**Work to be completed:**
Pull every line with "Sunglasses" from the entries below.

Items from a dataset

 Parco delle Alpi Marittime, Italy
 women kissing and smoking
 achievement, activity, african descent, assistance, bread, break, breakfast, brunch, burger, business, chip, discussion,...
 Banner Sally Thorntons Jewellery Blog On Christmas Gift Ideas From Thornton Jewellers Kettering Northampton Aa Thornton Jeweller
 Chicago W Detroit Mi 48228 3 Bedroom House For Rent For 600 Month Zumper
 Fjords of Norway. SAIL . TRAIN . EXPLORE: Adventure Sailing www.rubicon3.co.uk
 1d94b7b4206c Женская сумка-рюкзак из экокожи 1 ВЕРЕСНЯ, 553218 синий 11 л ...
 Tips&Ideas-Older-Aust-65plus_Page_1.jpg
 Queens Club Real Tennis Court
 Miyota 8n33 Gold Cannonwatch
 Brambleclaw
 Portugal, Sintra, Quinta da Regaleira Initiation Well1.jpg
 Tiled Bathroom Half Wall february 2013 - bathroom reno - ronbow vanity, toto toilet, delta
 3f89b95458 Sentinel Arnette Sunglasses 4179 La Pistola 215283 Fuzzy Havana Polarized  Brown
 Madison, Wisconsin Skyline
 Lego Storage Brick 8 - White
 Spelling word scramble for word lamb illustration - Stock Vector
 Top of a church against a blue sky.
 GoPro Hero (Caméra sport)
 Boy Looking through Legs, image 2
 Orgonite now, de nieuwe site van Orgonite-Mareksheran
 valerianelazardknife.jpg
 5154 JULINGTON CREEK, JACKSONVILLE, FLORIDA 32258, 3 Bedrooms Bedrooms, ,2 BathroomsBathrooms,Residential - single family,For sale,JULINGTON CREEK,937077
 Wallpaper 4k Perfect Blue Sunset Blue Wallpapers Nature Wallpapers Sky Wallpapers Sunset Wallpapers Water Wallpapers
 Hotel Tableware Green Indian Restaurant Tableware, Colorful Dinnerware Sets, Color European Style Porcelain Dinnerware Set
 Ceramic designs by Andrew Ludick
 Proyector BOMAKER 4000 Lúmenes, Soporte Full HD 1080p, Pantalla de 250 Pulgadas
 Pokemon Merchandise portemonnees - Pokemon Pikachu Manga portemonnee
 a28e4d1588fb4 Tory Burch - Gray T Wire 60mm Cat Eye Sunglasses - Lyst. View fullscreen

**Solution:**
 3f89b95458 Sentinel Arnette Sunglasses 4179 La Pistola 215283 Fuzzy Havana Polarized  Brown
 a28e4d1588fb4 Tory Burch - Gray T Wire 60mm Cat Eye Sunglasses - Lyst. View fullscreen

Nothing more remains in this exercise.